07 mai 2013 | PAR Ines Zorgati

La polémique ne désenfle pas depuis quelques jours autour du rachat évoqué, par Yahoo du site de streaming français Dailymotion, actuellement propriété du groupe France Télécom-Orange. Après plusieurs semaines de négociations et l’intervention controversée du ministre du redressement productif Arnaud Montebourg, le site Dailymotion ne sera finalement pas racheté par le géant américain. Protection des entreprises françaises pour certains, échec économique pour d’autres, le débat continue encore de prendre de l’importance.

Lorsqu’il y a quelques semaines, la société américaine Yahoo annonçait son intention de racheter une partie de Dailymotion à Orange, alors en quête d’un partenaire afin d’en étendre la notoriété internationale, la filière française exprimait déjà son souhait de « rester un actionnaire influent de Dailymotion », comme l’indiquait Stéphane Richard, PDG de Orange France le 24 mars dernier au Figaro. C’est cependant fin avril que l’affaire se complique avec l’intervention d’Arnaud Montebourg dans les négociations. Si Yahoo évoquait la possibilité de racheter 75% des parts de Dailymotion, voir la totalité, le ministre du redressement productif établissait quant à lui la limite du rachat à 50%. Il y a quelques jours, Yahoo a finalement annoncé sa décision de renoncer à racheter le concurrent français de Youtube.

Depuis, alors que certains dénoncent une intervention du gouvernement qui entraînerait une perte économique considérable, d’autres y voient au contraire une action visant à préserver les intérêts du site français, et par extension de la culture française.

Dailymotion: une « exception culturelle » française à protéger

Dailymotion fait en effet partie du cercle très fermé des sites français ayant réussi son exportation à l’étranger, et notamment en Europe. Trop précieux donc pour être cédé au premier venu, et c’est ce dont se défend le ministre Arnaud Montebourg dans un communiqué de presse datant du 30 avril évoquant son attachement « à créer les conditions optimales du développement international de Dailymotion ».

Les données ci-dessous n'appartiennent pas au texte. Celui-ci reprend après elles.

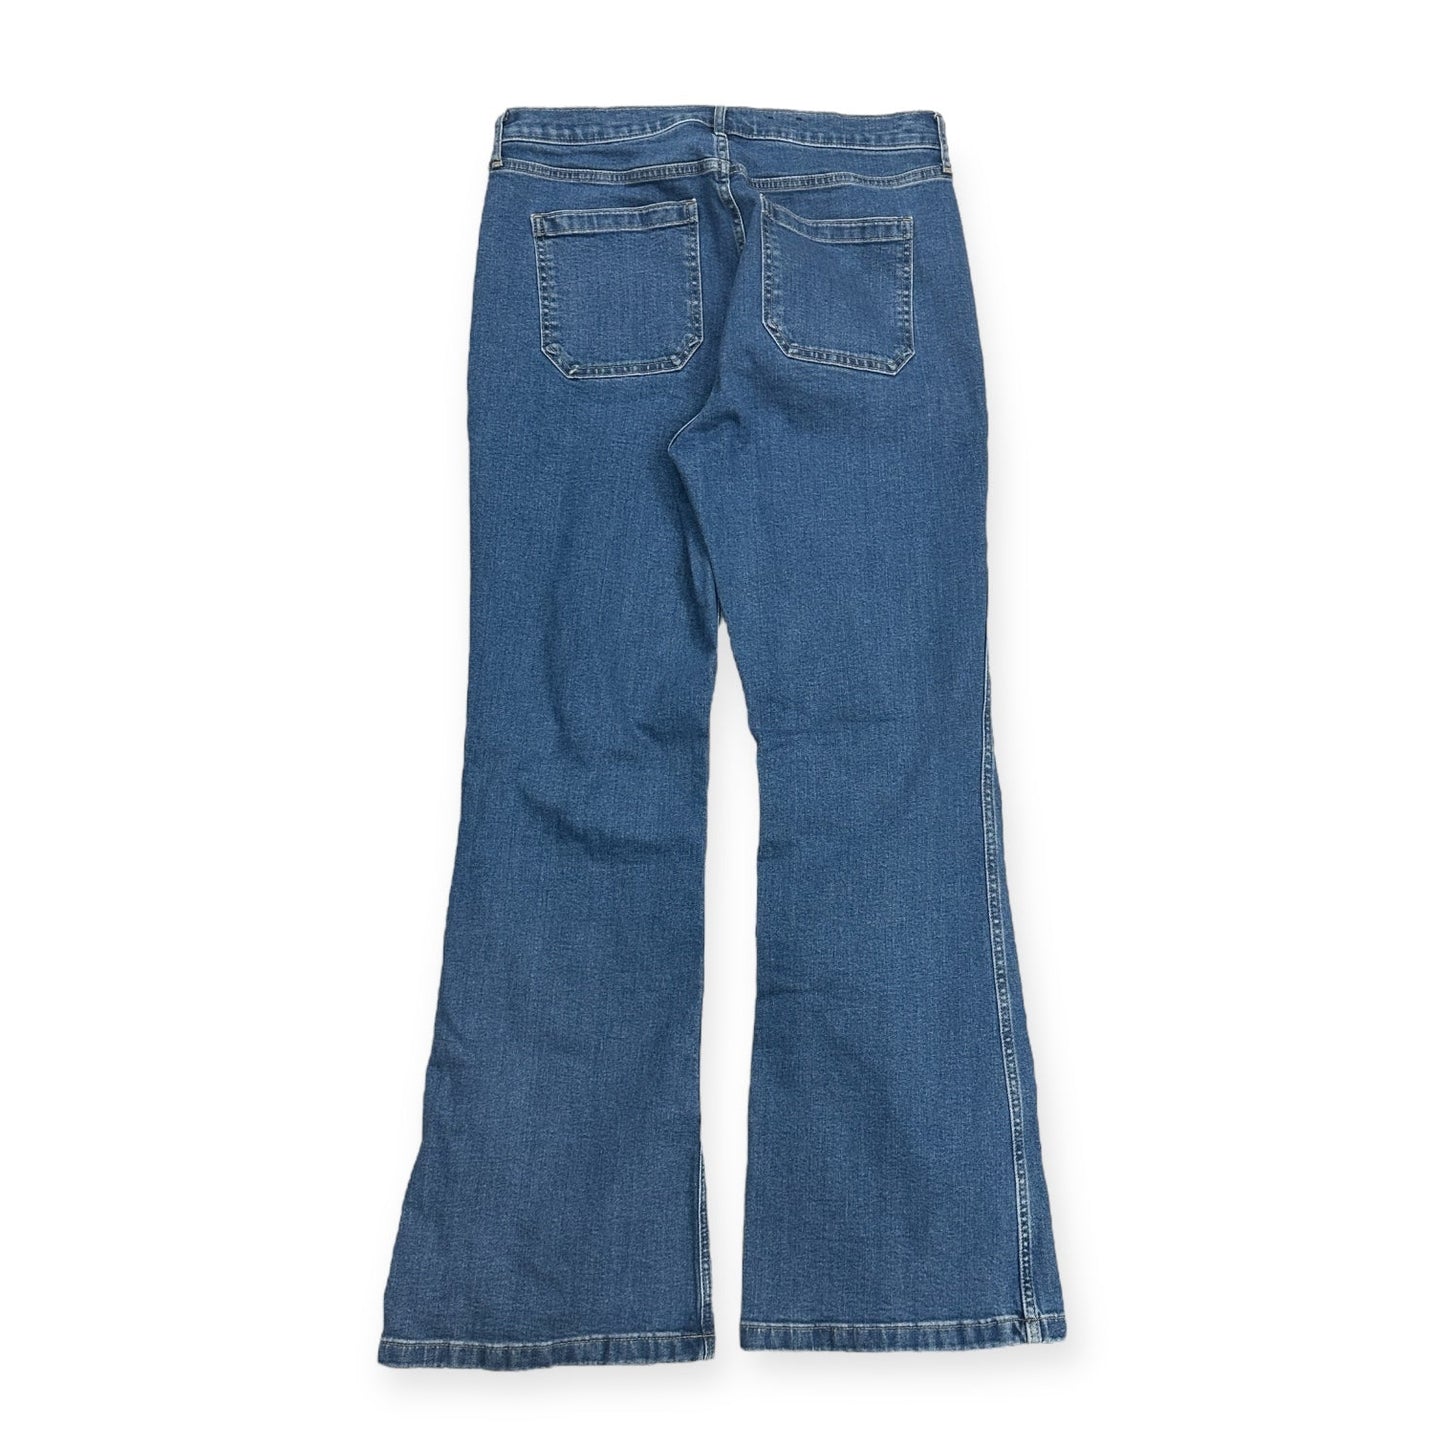 Blue Denim Jeans Flared Gap, Size 14

Une crainte est donc à l’origine de cette intervention gouvernementale: que Yahoo absorbe totalement Dailymotion, ou que l’entreprise américaine entraîne le site français dans sa possible défaite face au géant Google. Ainsi, au nom de la protection de « l’exception culturelle française » et des intérêts de la culture française en général, le gouvernement en la personne d’Arnaud Montebourg a donc dit non à une transaction qui « n’était pas suffisamment équilibrée » selon la ministre de l’économie Fleur Pellerin dans une interview donnée au Journal du Dimanche il y a deux jours. Elle nuance cependant ses propos en exprimant son souhait de ne pas voir Dailymotion rester « franco-français ».

Et si elle n’est pas seule à estimer qu’il y a des limites au « Made in France » prôné par Montebourg, d’autres sont en revanche beaucoup plus virulents et déplorent cette intervention de l’Etat.

La France se tire-t-elle une « balle dans le pied » ?

La réaction des médias étrangers, et particulièrement aux Etats Unis, ne s’est pas faite attendre et c’est surtout l’incompréhension qui domine de leur côté. Le New York Times titrait par exemple le 3 mai dernier « Quand le président François Hollande se tire une balle dans le pied ». Comment comprendre en effet qu’en prétextant une volonté de promouvoir la culture française, le gouvernement bloque son accès au marché américain, et donc à une possible renommée internationale?

En France, les avis sont partagés entre ceux qui comprennent l’action d’Arnaud Montebourg et ceux qui y voient une perte économique considérable. L’argent est en effet l’argument le plus souvent avancé par les critiques de cette intervention qui aurait fait empêché une transaction s’élevant à plusieurs centaines de millions d’euros à France Télécom-Orange.

Reste maintenant pour Orange à trouver un nouvel acheteur potentiel pour Dailymotion. Quant à la question de savoir si ce dernier contentera les deux parties en répondant à la fois aux exigences économiques de la filière française tout en s’accordant avec la politique du gouvernement visant à protéger la culture bleu-blanc-rouge, elle reste pour le moment en suspens.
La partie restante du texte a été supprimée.